By its own admission, Kansas City, Mo.-based designer Burns & McDonnell can be a bit of a plodder when branching into new practice areas, a tendency it says sometimes requires patience from management.

But it's a proven model. Rather than diversify by acquisition, the employee-owned firm cultivates expertise from within. "Organic growth allows us to maintain our culture," says Scott Newland, general manager for the firm's Chicago office. "Instead of attempting to assimilate large groups of employees over short periods of time, we hand pick the best of the best."

When the right leadership, talent and projects finally align, new divisions are born—and they hit the floor running.

In November 2011, the firm restructured its 250-employee infrastructure group into separate water infrastructure and surface transportation infrastructure divisions. The following June, the Missouri Highways and Transportation Commission selected Burns & McDonnell as designer for the $125-million I-64 Daniel Boone Bridge, a replacement structure spanning the Missouri River between St. Louis and St. Charles counties and the firm's largest Midwest project last year.

 

Burns & Mac, as employees call it, currently is operating at full throttle across 11 operating divisions, from energy and environmental to water, aviation, transmission and distribution. In April, the firm completed a 2011 initiative to add 1,000 employees to its roster—500 of them in Kansas City—eight months early, pushing its staff total past 4,000.

The engineering firm attributes recent growth to projected demand for large-scale infrastructure projects and capital improvements among public- and private-sector clients, particularly in Kansas City, where it currently is assisting Kansas City Water Services Dept. in implementing a $4.5-billion, 25-year plan to reduce and eliminate overflows into the metropolitan area's sewer system.

Opportunities also are opening up in other sectors. A December Environmental Protection Agency ruling on emissions requirements for power houses operated by universities and industrial facilities will classify thousand of boilers as sources of hazardous air pollutants, says Breck Washam, general manager for the firm's St. Louis office. "A few years back, we saw what was happening with large coal-burning powerplants nationwide and said to ourselves, 'It's going to hit industrial and university buildings next,'" he recalls. "Nearly half our work in St. Louis involves energy, so we already have the expertise in place."

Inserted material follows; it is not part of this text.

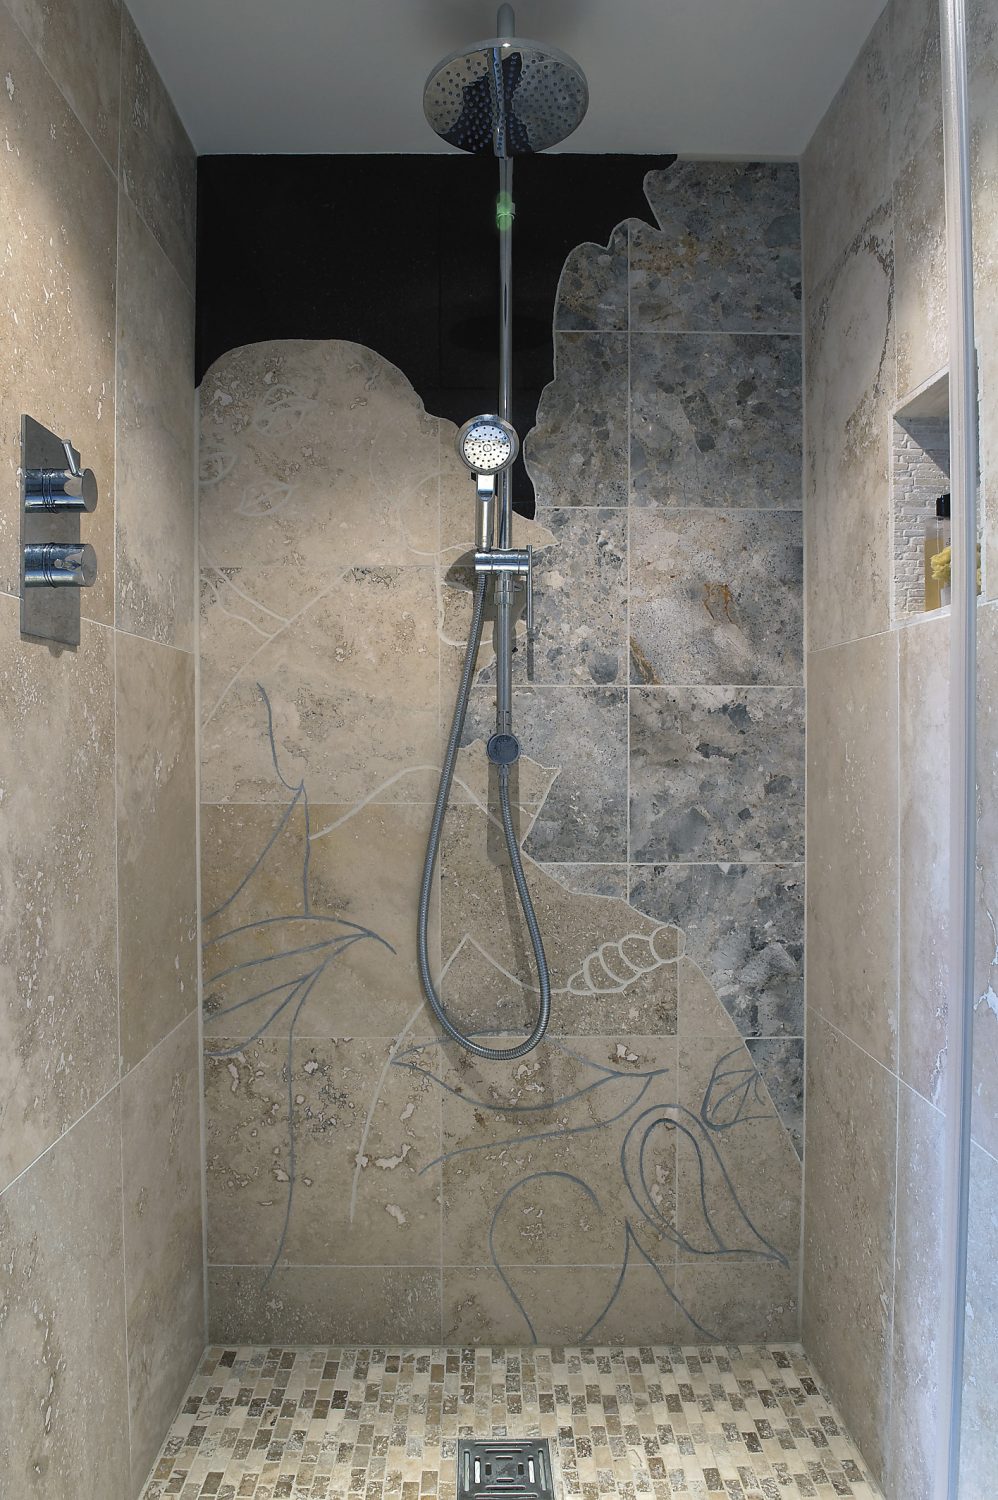 Sally hand cut the stone in her walk-in shower to create a design by her brother, the artist Gary Hume

Meanwhile, its Chicago office is focusing on projects involving power transmission and distribution. In addition to adding redundancy to systems—the result of high-profile power failures in California and New York City—the office is engineering natural gas-fueled reciprocating engines to supplement energy generated by wind farms. "The wind isn't always blowing," says Newland. "Engine plants provide a clean alternative power source when it isn't."

Newland believes being in the right market at the right time only partially accounts for the firm's continued growth. "As a 100% employee-owned company, we're extremely competitive," he says. "This isn't an instance of 5% of employees holding 85% of ownership. Quite the opposite, in fact. No one owns more than 1%."